I've heard of menthol to control the tracheal mite, and tobacco to control the varroa mite. Have any of you tried smoking your bees with menthol flavored tobacco? Here is a link to where you can get some. http://www.tobaccostation.com/Merchant2/merchant.mvc?Screen=PROD&Product_Code=1114 
I'm considering this as a periodic mite control treatment, and was wondering what some of you old-timers thought. thanks,
justgojumpit


----------



## MullersLaneFarm (Jul 23, 2004)

I'm not an old timer but I do know the control of the varroa due to tobacco smoke is because of the increased grooming. I do the same with pine needles in my smoker.


----------



## justgojumpit (May 5, 2003)

so i'm guessing that you use small amounts of tobacco, as i have heard of bees asphixiating on the smoke and dying???

justgojumpit


----------



## MullersLaneFarm (Jul 23, 2004)

I use PINE NEEDLES in my smoker not tobacco.

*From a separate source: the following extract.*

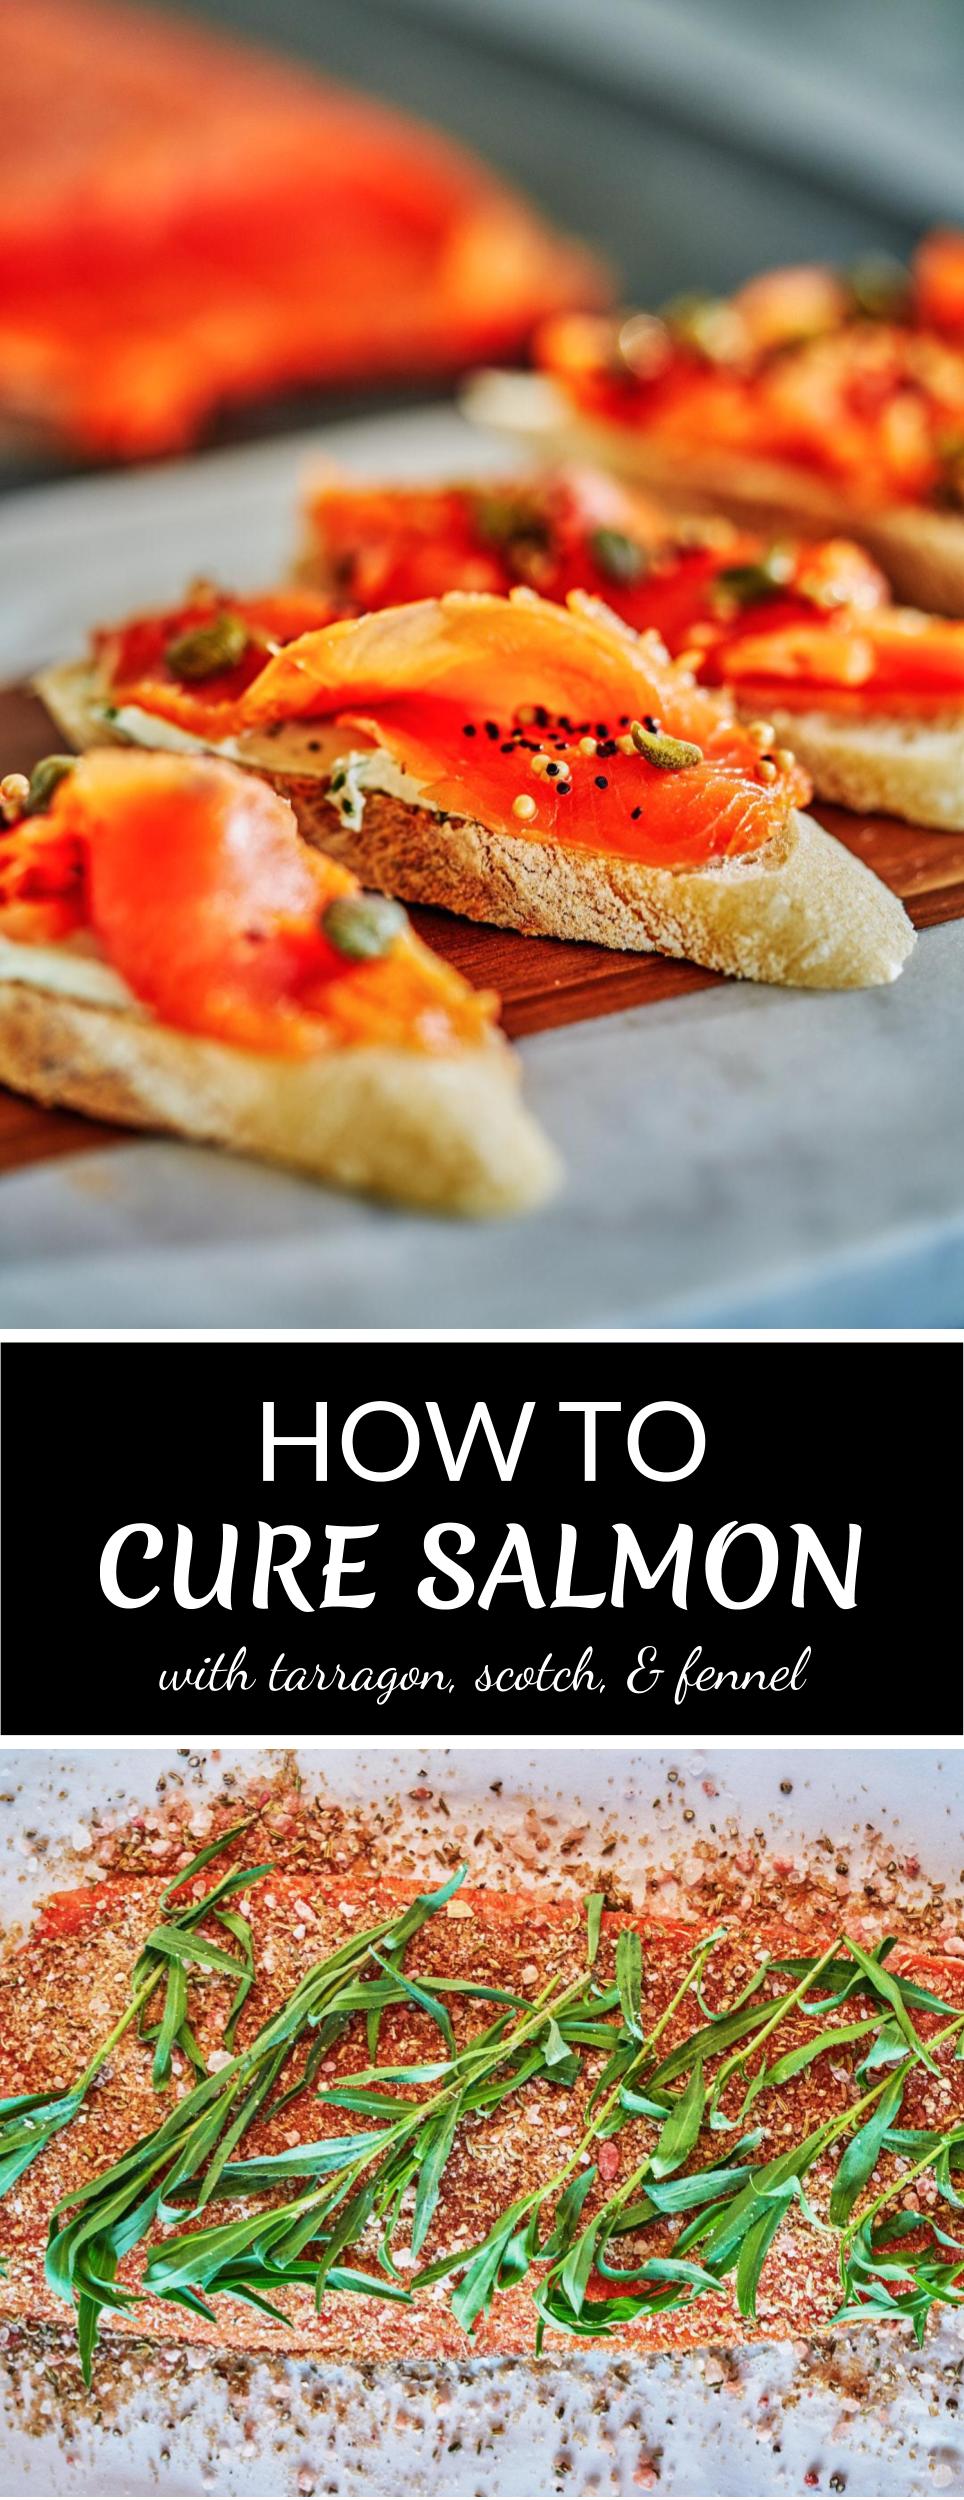 Tarragon & Fennel Scotch Cured Salmon - How to Cure Salmon | Proportional Plate
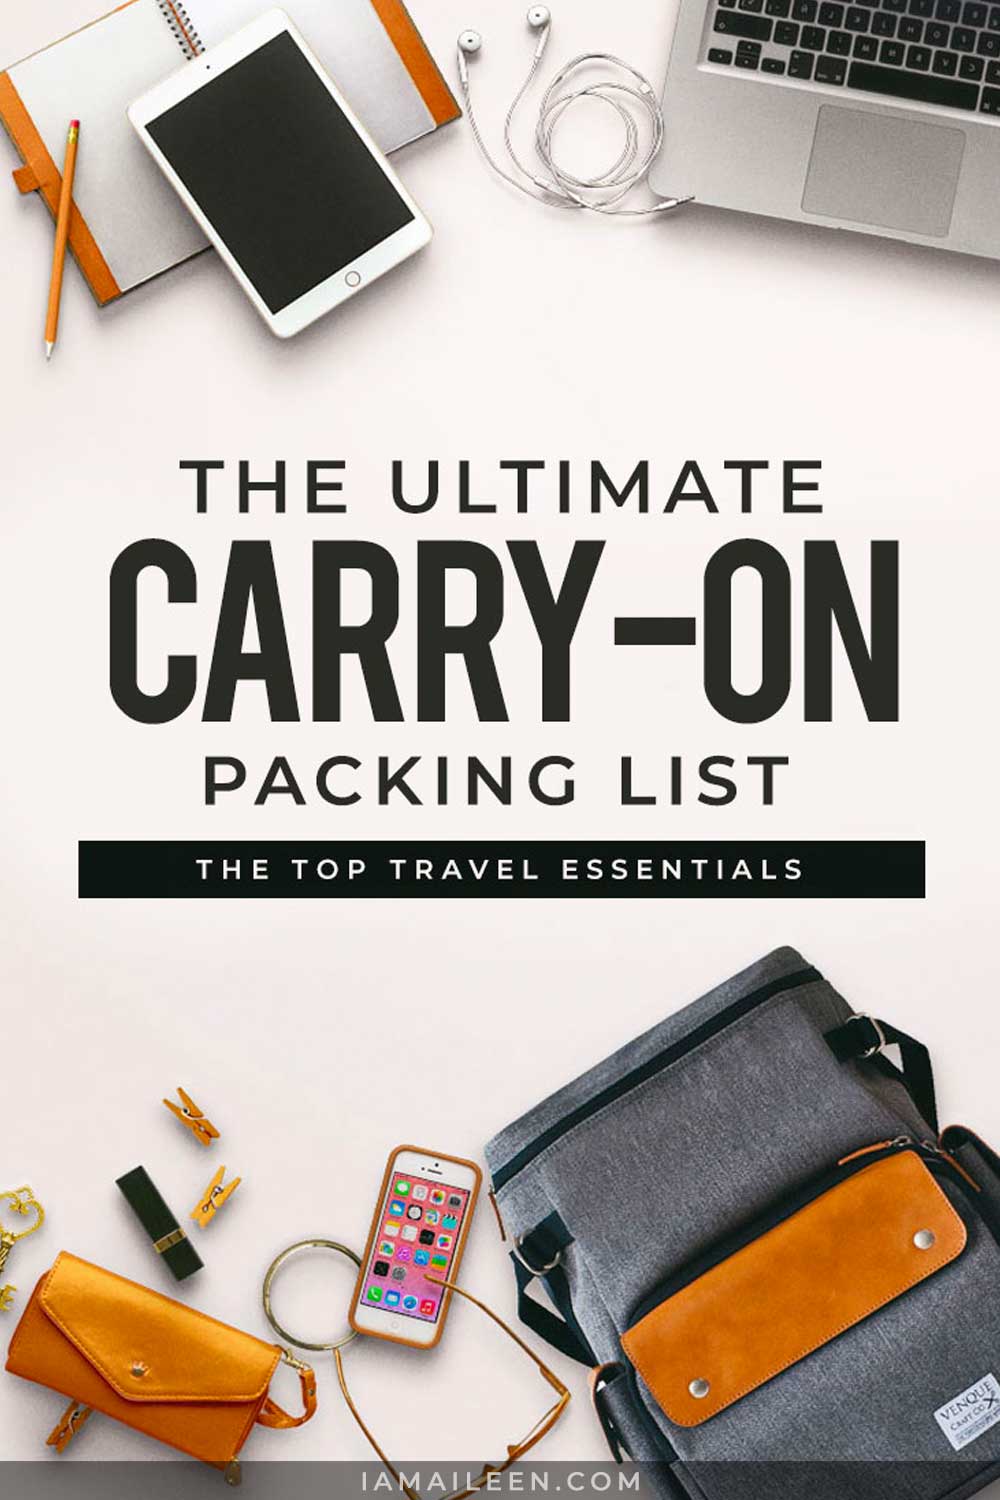 Ultimate Carry On Packing List Guide: The Top Travel Essentials You Need

I puff cool pine smoke into the entrance. This causes the ladies to do some extra grooming which causes the mites to fall on to the ground & die (no bottom board in the warm months).


----------



## justgojumpit (May 5, 2003)

Thanks, I'll have to try that. I'm thinking about making screened bottom boards for my hives, and making room to slip a piece of plywood underneath to keep the hive from getting too drafty in the winter. Then this method would work for me too. I'm gonna have some difficulty finding pine needles though, especially dry ones. any other readily available fuels to increase bee grooming?

justgojumpit


----------



## MullersLaneFarm (Jul 23, 2004)

There was an article a few months ago in I believe Bee Culture that talked about this - I can't recall the name of the other substance they used. I'm thinking dried berries from the sumac tree, but I could be mistaken.


----------